Gesetzestext

 

(1) Jeder an bestimmten Gerichtsverfahren Beteiligte kann gerichtliche Schriftstücke unmittelbar durch Amtspersonen, Beamte oder sonstige zuständige Personen des Mitgliedstaats, in dem Zustellung beantragt wird, zustellen lassen, sofern eine solche unmittelbare Zustellung nach dem Recht dieses Mitgliedstaats zulässig ist.
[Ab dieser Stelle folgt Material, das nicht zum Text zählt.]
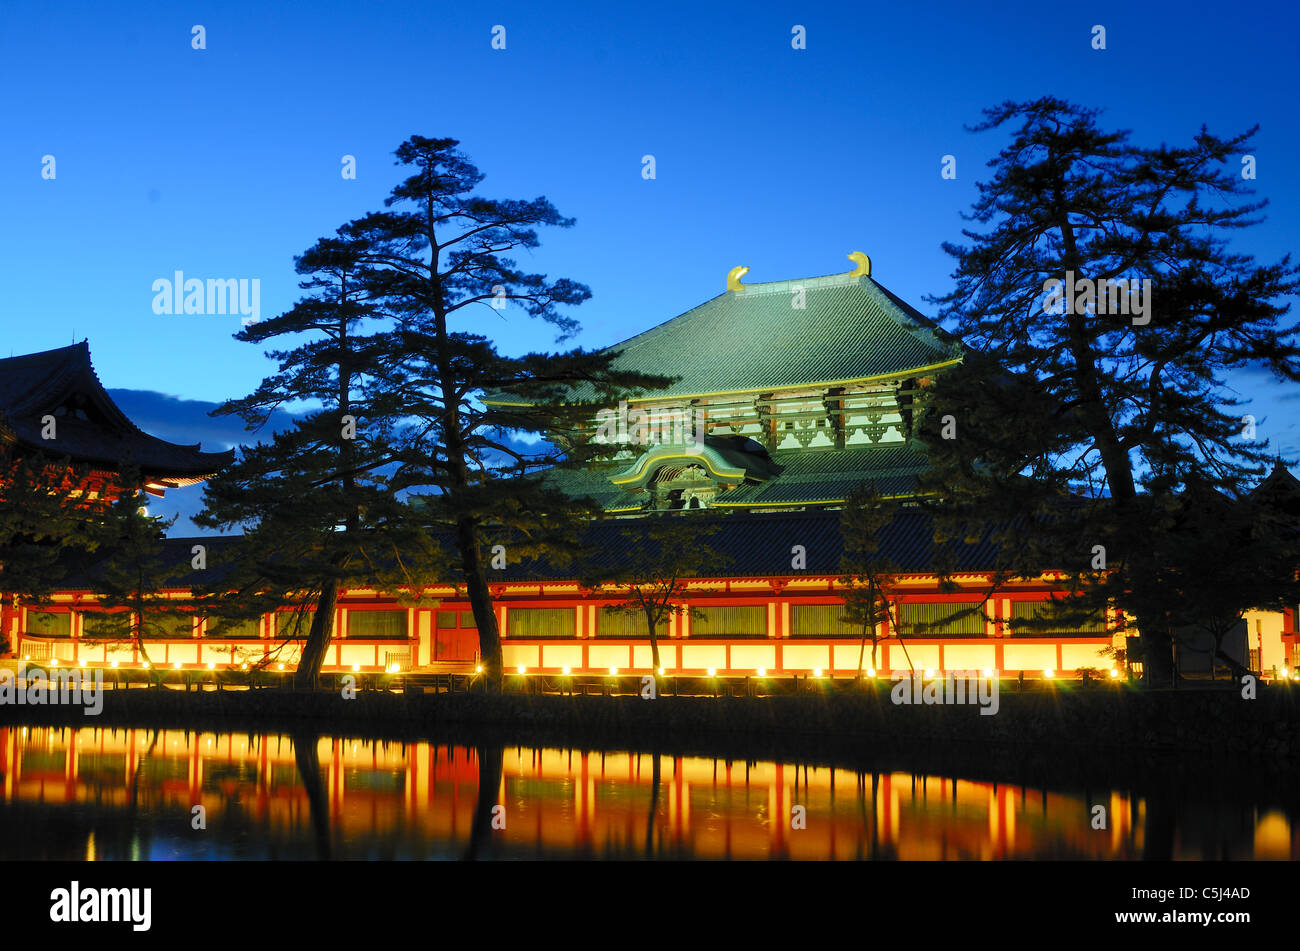 Exterior of Todaiji, the world's largest wooden building and a UNESCO World Heritage Site in Nara, Japan. Stock Photo

(2) Ein Mitgliedstaat, der die unmittelbare Zustellung zulässt, informiert die Kommission darüber, welche Berufsgruppen oder qualifizierten Personen in ihrem Hoheitsgebiet die unmittelbare Zustellung von Schriftstücken vornehmen dürfen. Die Kommission macht diese Informationen im Europäischen Justizportal zugänglich.

 

Rn 1

Die Vorschrift ermöglicht eine beschleunigte Zustellung im Parteibetrieb ohne Einschaltung einer Übermittlungsstelle. Für Verfahren vor deutschen Gerichten verbleibt damit nur ein enger Anwendungsbereich (s insb §§ 750 I, 829, 929 II, s.a. § 166 Rn 2 und § 191 Rn 2). Ist nach dem deutschen Verfahrensrecht im Parteibetrieb zuzustellen und ist dies auch nach dem Recht des Empfangsmitgliedsstaats zulässig, ist zwingend der Weg der unmittelbaren Zustellung zu beschreiten (Frankf NJW-RR 21, 211 [OLG Karlsruhe 07.12.2020 - 9 U 34/19], anders LG Köln, GRURPrax 22, 562). Unmittelbare Zustellungen in ausländischen Verfahren sollen nach der Mitteilung der Bundesregierung nur zulässig sein, wenn das zuzustellende Schriftstück funktionell einem solchen entspricht, für das auch in Deutschland eine Zustellung im Parteibetrieb eröffnet wäre (ebenso Vollkommer/Huber NJW 09, 1105, 1109). Eine solche funktionell beschränkte Zulässigkeit ist Art 20 EuZVO aber fremd, wie sich nun auch deutlich aus dessen Abs 2 ergibt (ebenso MüKoZPO/Rauscher Art 15 Rz 9, vgl auch St/J/Domej; ausf Fabig/Windau NJW 22, 1977 Rz 9).

 

Rn 2

Welche europäischen Länder eine Parteizustellung kennen, ist der jeweiligen Länderseite im Europäischen Justizportal (https://e-justice.europa.eu/content_serving_documents-373-de.do) zu entnehmen. Dort wird außerdem bekannt gemacht, welche Berufsgruppen oder qualifizierten Personengruppen zur unmittelbaren Zustellung befugt sind, die Mitgliedsstaaten teilen dies der Kommission gem Abs 2 mit. In Deutschland erfolgt die Zustellung durch den Gerichtsvollzieher (§ 192), an den sich die betreibende Partei unmittelbar zu wenden hat. Die Übermittlungs- und Empfangsstellen gem Art 3 und 4 sind nicht einzuschalten.